Substituting the given values into the equation, we get:

1/p + 1/7 = 1/5

To solve for p, we can find a common denominator. In this case, it is 35p:

35 + 5p = 7p

Simplifying the equation:

5p - 7p = -35

-2p = -35

Dividing both sides by -2:

p = 17.5

Therefore, the distance, p, from the lens to the object is 17.5 cm.

B. To find an expression that gives q as a function of p, assuming a constant focal length of 5 cm, we can rearrange the lens equation: 1/p + 1/q = 1/f.

Starting with the lens equation:

1/p + 1/q = 1/5

We can rearrange the equation:

1/q = 1/5 - 1/p

To get q as a function of p, we can invert both sides:

q = 1 / (1/5 - 1/p)

Simplifying further:

q = 1 / ((p - 5) / (5p))

q = 5p / (p - 5)

Therefore, the expression that gives q as a function of p, assuming a focal length of 5 cm, is q = 5p / (p - 5).
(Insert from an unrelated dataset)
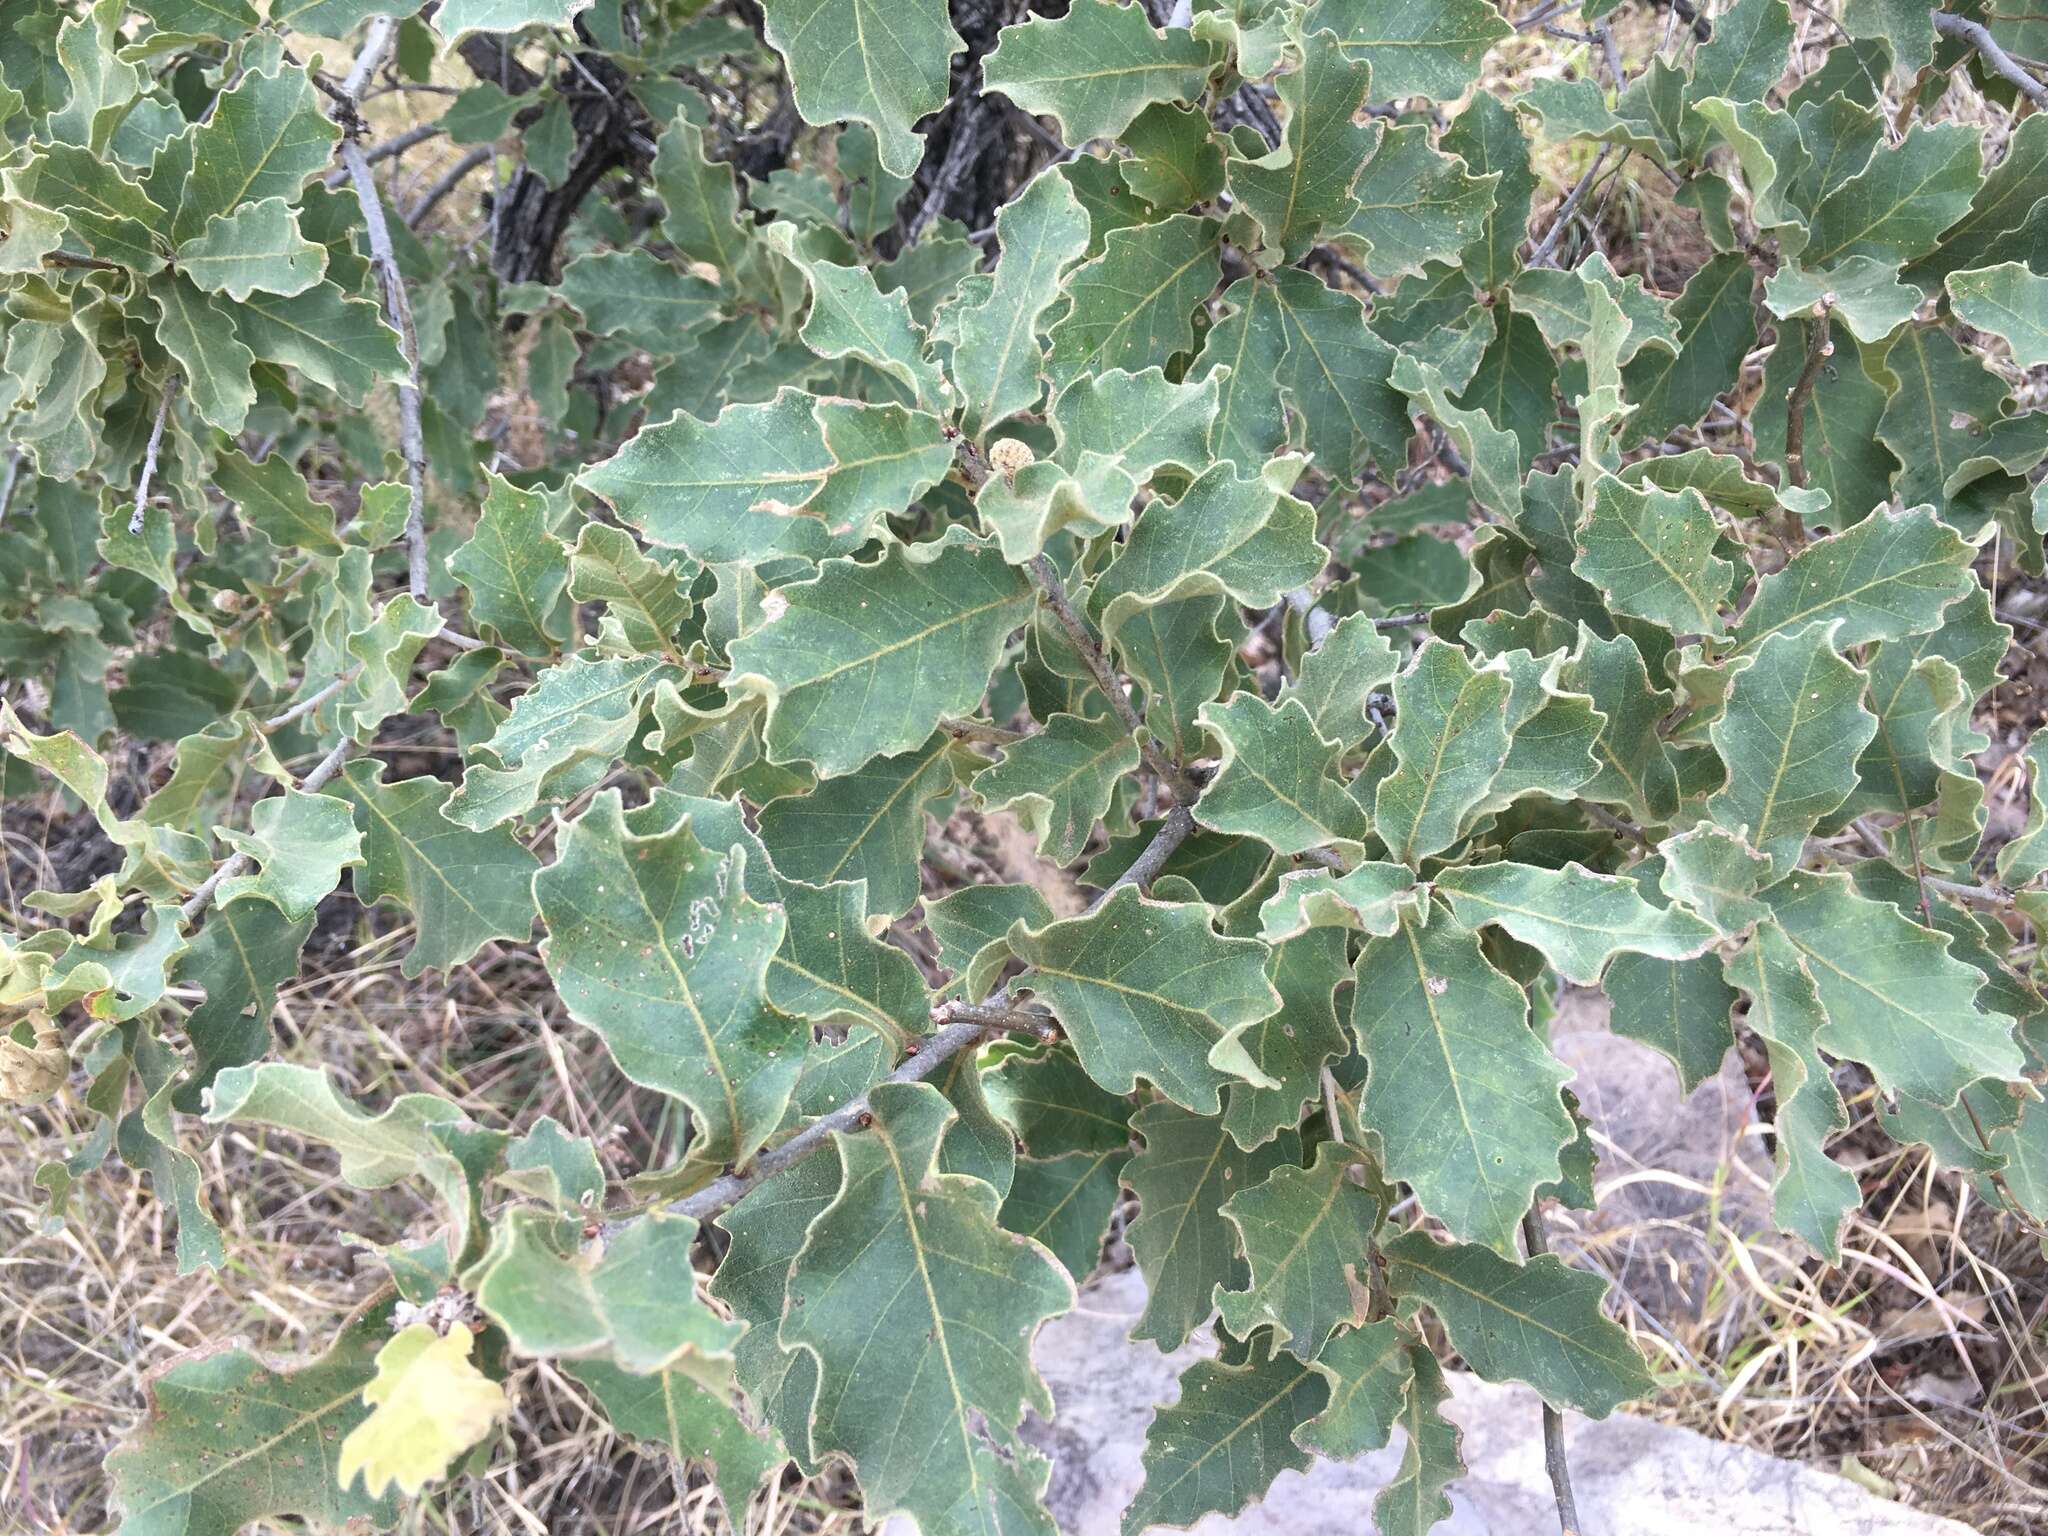 Image of Chihuahuan oak

C. To sketch a graph of q as a function of p (q(p)), assuming a constant focal length of 5 cm, we can use the expression q = 5p / (p - 5).
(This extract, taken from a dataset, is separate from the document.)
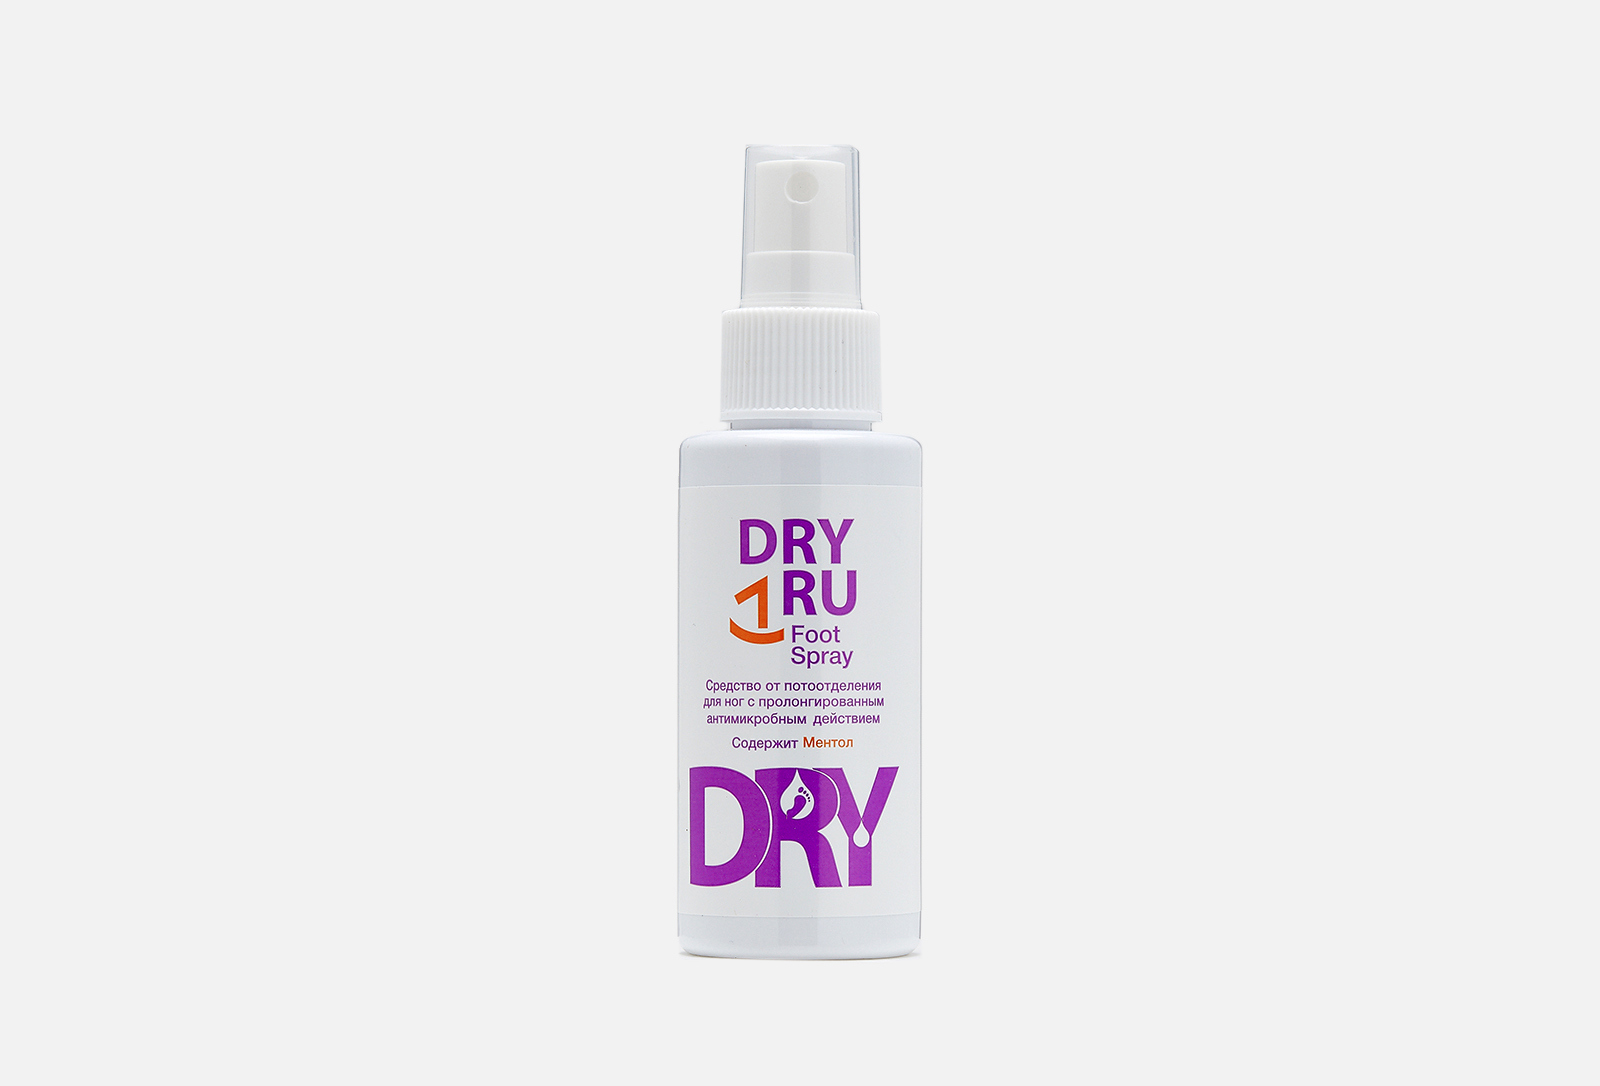 Dry dry foot. Dry ru foot Spray. Антиперспирант для ног Dry ru foot Spray. Средство от потливости. Драй драй спрей.

The graph should show any important features, such as asymptotes and intercepts. In this case, we have a vertical asymptote at p = 5, since the lens equation is undefined when p = 5. The graph will also approach a horizontal asymptote at q = 5, as p goes to infinity.

D. To find the limits as p approaches infinity and p approaches 5+, we can evaluate the expression q = 5p / (p - 5).

1. lim p->infinity q(p):

As p approaches infinity, we have:

lim p->infinity (5p / (p - 5))

On simplifying:

lim p->infinity (5 / (1 - 5/p))

As p goes to infinity, 5/p approaches zero. So, we have:

lim p->infinity (5 / (1 - 0))

Therefore, the limit is 5.

Physically, this limit represents that as the object distance approaches infinity, the image distance becomes equal to the focal length. The image is formed by rays that are almost parallel to the principal axis of the lens.

2. lim p->5+ q(p):

As p approaches 5 from the right side, we have:

lim p->5+ (5p / (p - 5))

On simplifying:

lim p->5+ (5 / (1 - 5/p))

As p approaches 5+ (from the right side), 5/p goes to infinity. So, we have:

lim p->5+ (5 / (1 - infinity))

Since the denominator approaches negative infinity, the whole fraction approaches negative infinity.

Physically, this limit represents that as the object distance approaches the focal length, the image distance becomes infinitely large. The image is formed by parallel rays that pass through the lens without convergence or divergence.